Representative pre-treatment CT slices (primary tumour in red) with high and low values of the two features from the radiomics model for the atypical subtype and accumulated local effects plot (ALE) in the discovery cohort. CT slices of patients with tumours that are characterised by low and high values of the texture feature grey level non-uniformity (siye zone matrix) are presented in panels (A,B), classified as atypical and non-atypical, respectively. A lower value of this feature represents a more spatially homogeneous tumour. The patient presented in panel (D) suffered from a non-atypical tumour with a low expression of the morphological feature volume density (axis-aligned bounding box). It showed a less regular shape than the atypical tumour of the patient in panel (E) with high feature expression. ALE plots (C,F) show difference in probability of being classified as atypical compared to an average patient for each feature value.

Finally, to assess whether our model only predicts the HPV status, we assessed the observed features based on HPV16-DNA− tumours only. In a new OVA atypical model excluding HPV16-DNA+ tumours, the previously identified features retained their performance with an AUC of 0.70 [0.53–0.84] in discovery and 0.74 [0.56–0.89] in validation, as well as good calibration (Table 2, Supplementary Fig. 1C,D).

CT radiomics shows limited value for predicting six gene classifiers related to different tumour characteristics of locally advanced HNSCC

Patients were classified into two classes for each of six different gene signatures: a 7-gene signature related to DNA repair and progression10, an 11-gene radiosensitivity signature11, a 12-gene immune signature13, a 15-gene hypoxia signature14, a 32-gene radiosensitivity signature12, and a 42-gene signature for epithelia-mesenchymal transition (EMT)15, with the aim to predict the classes using radiomics models. The selected features and their scores across cross-validation folds of the discovery cohort are displayed in Supplementary Table 7 for each gene signature.

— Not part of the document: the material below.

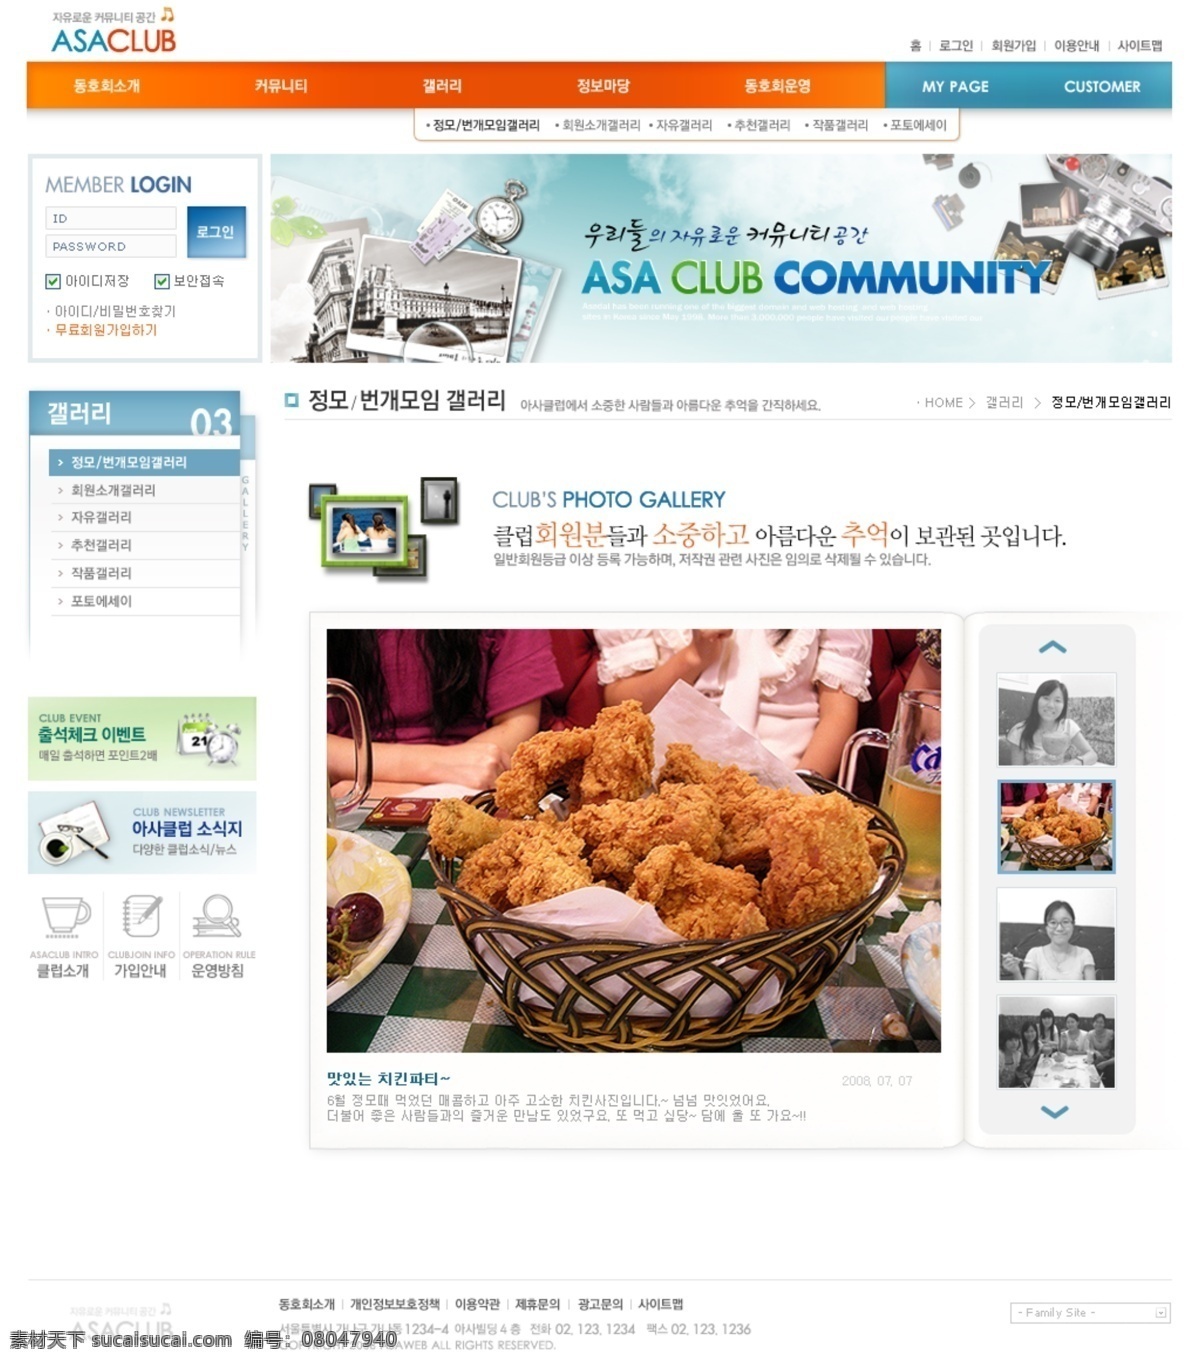 公司网站 韩国模板 韩国模版 韩国网页模板 简洁网页 旅游 模板 社会 网页模板 网页 生活网页 网页分层素材 网站 源文件 网页素材

None of the classifiers could successfully represent the gene signatures by a radiomics model in validation, as for all models, the lower end of the AUC’s 95% CI included the value 0.50 (Supplementary Table 8). Individual genes within the signatures showed low to moderate Spearman correlations with the radiomics features within the discovery cohort (Supplementary Fig. 2).

Combining transcriptome data and CT-based radiomics improves LRC prediction

We assessed whether the integration of whole-transcriptome gene-expression data with CT-based radiomics features improves the prediction of LRC.

A radiomics signature was obtained based on a previously implemented workflow20. This signature consists of the tumour volume and the additional imaging feature log_stat_p90 (IBSI: 8DWT). Scores and hyperparameters for the selected features are shown in Supplementary Table 9. In Cox regression, the signature showed a median C-Index of 0.63 [0.54–0.72] on the discovery cohort and of 0.60 [0.50–0.71] on the validation cohort for LRC. Patient stratification was statistically significant (p < 0.001) in the discovery cohort but not in validation (p = 0.37) as shown in Supplementary Fig. 3A and Fig. 4A, respectively. Model calibration was successful in the discovery (Supplementary Fig. 3D) and validation cohorts (Fig. 4D).

Figure 4
figure 4

Stratification (AC) and calibration (DF) of the radiomics (left), metagene (centre), and combined model (left) for the prognostic value of loco-regional control (LRC) in the validation cohort. The radiomics model has a non-significant stratification. The metagene model achieves significant stratification and good calibration. When combining the radiomics signature and metagenes, a well-calibrated model with the best stratification in the validation cohort is obtained.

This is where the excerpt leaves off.